Since I knew what LD_PRELOAD did then I was rather amused that the author had a similar epiphany over it as I did many years ago, which made it a great read -- something to relate to.

I agree that the article is emotional, but the annoyance or not is so very subjective.

JeanMarcS · on Feb 18, 2019

And the intro going for about 1/3 of the total article before even knowing what we are talking about (yeah, I click on article when I’m intrigued by the title, when it seems programming related)

d99kris · on Feb 18, 2019

I'll also join in and share my projects using LD_PRELOAD. These also work on macOS through its equivalent DYLD_INSERT_LIBRARIES.

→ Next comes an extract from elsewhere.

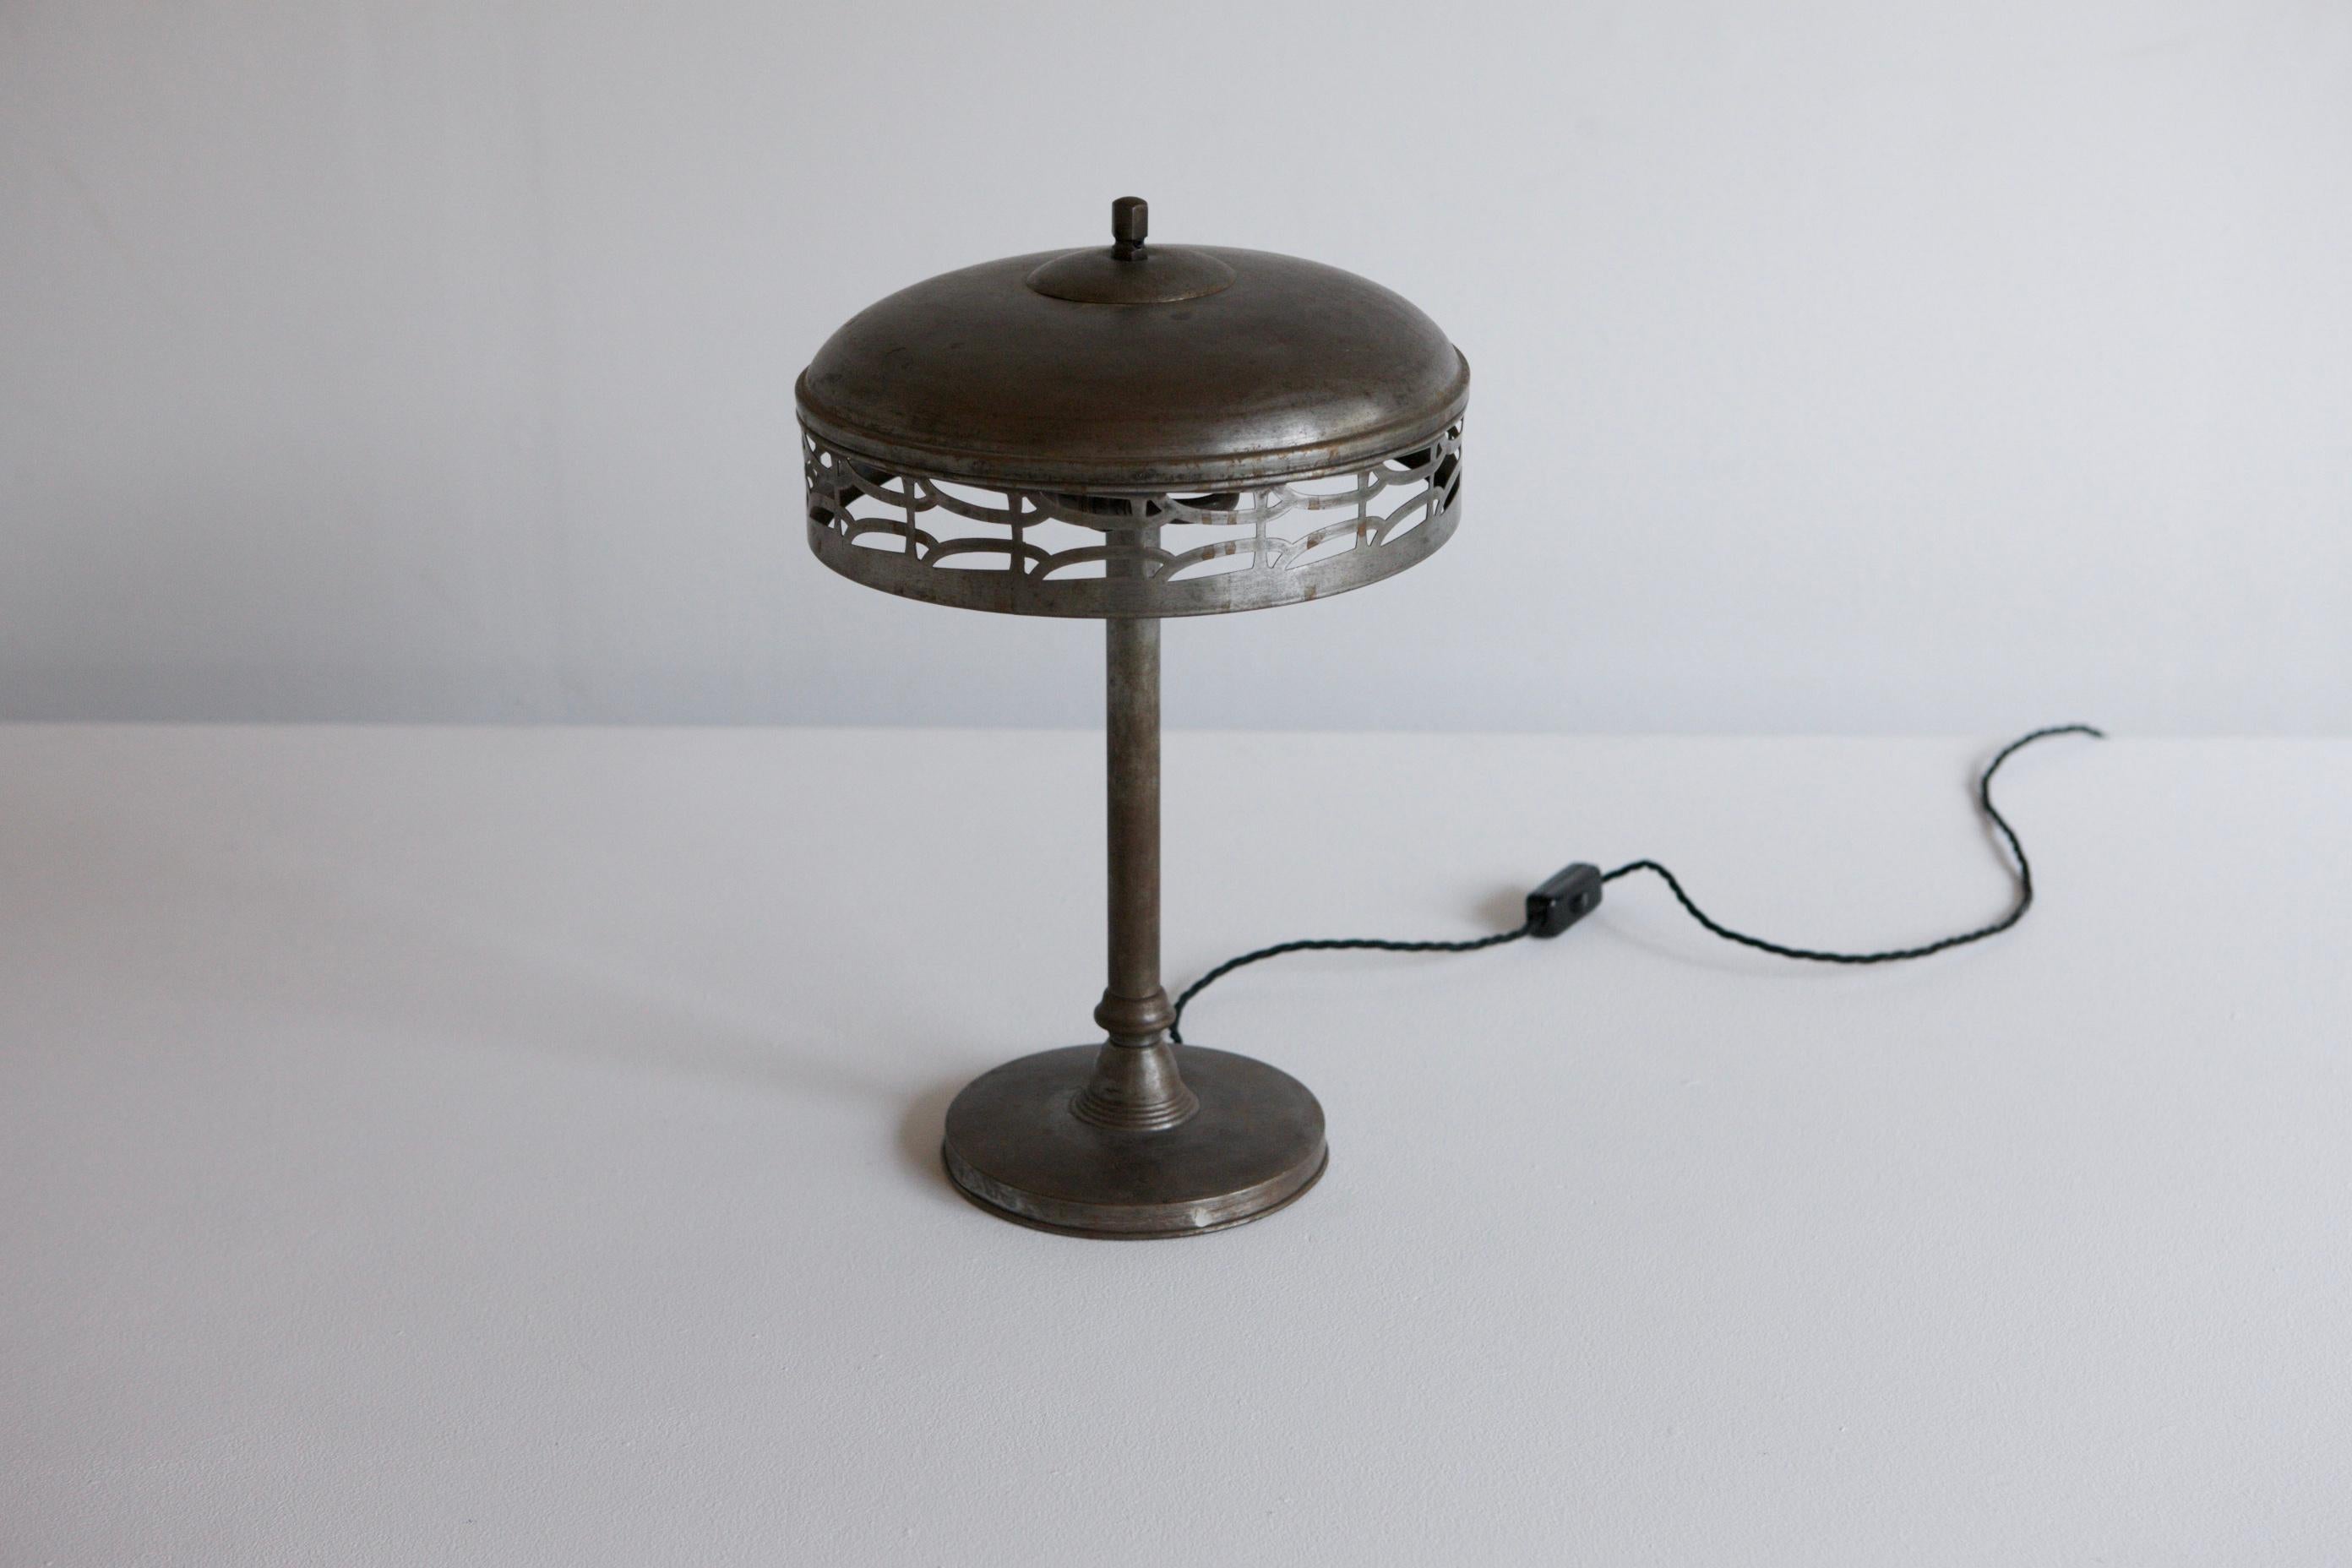 A Venetian style table lamp from early 20th century europe, restored sympathetically. Reminicent of the work of Adolf Loo's.

https://github.com/d99kris/stackusage measures thread stack usage by intercepting calls to pthread_create and filling the thread stack with a dummy data pattern. It also registers a callback routine to be called upon thread termination.

https://github.com/d99kris/heapusage intercepts calls to malloc/free/etc detecting heap memory leaks and providing simple stats on heap usage.

https://github.com/d99kris/cpuusage can intercept calls to POSIX functions (incl. syscall wrappers) and provide profiling details on the time spent in each call.

sherincall · on Feb 18, 2019

I recently gave a small talk about this and listed the applications I had for it in the past few years:

- Test low memory environment

- Add memory tracking

- Ignore double frees (fix broken programs)

- Cache allocations / lookaside lists

- Trace all file operations

- Seamlessly open compressed files with fopen()

- Speed up time() as program sees it

- Offset time() to bypass evaluation periods

- Alternative PRNG

- Intercept/reroute network sockets

- Trace various API calls (useful when debugging graphics APIs)

- Force parameters to some API calls

- Set a custom resolution not supported by program

- Switch between HW and SW cursor rendering

- Framelimiting and FPS reporting

- Replace a library with a different one through a compat layer

- Frame buffer postprocessing (e.g. reshade.me)

- Overlays (e.g. steam)

E: format

int_19h · on Feb 18, 2019

For a Windows equivalent:

https://github.com/Microsoft/Detours/wiki

It's a bit more unwieldy to use, because it doesn't just replace all matching symbols (it's not how symbol lookup works for DLLs in Win32) - the injected DLL has to be written specifically with Detours in mind, and has to explicitly override what it needs to override. But in the end, you can do all the same stuff with it.

andrewf · on Feb 19, 2019

the injected DLL has to be written specifically with Detours in mind

Does it? I've almost (ie: haven't :P) used Detours but https://github.com/Microsoft/Detours/wiki/OverviewIntercepti... reads like it can rewrite standard function prologues.

int_19h · on Feb 19, 2019

I didn't phrase that unambiguously -"injected DLL" in this case means "the DLL with new code that is injected", not "the DLL that the code is being injected into". With LD_PRELOAD, all you need to override a symbol is an .so that exports one with the same name. With Detours, you need to write additional code that actually registers the override as replacing such-and-such function from such-and-such DLL. But yes, the code you're overriding doesn't need to know about any of that.

andrewf · on Feb 20, 2019

Ah, I get it. Thanks.

nsteel · on Feb 18, 2019

Librespot uses LD_PRELOAD to find and patch the encryption/decryption functions used in Spotify's client so the protocol can be examined in wireshark (and ultimately reverse engineered). I am not the original author, he wrote a MacOS version using DYLD_INSERT_LIBRARIES to achieve something similar.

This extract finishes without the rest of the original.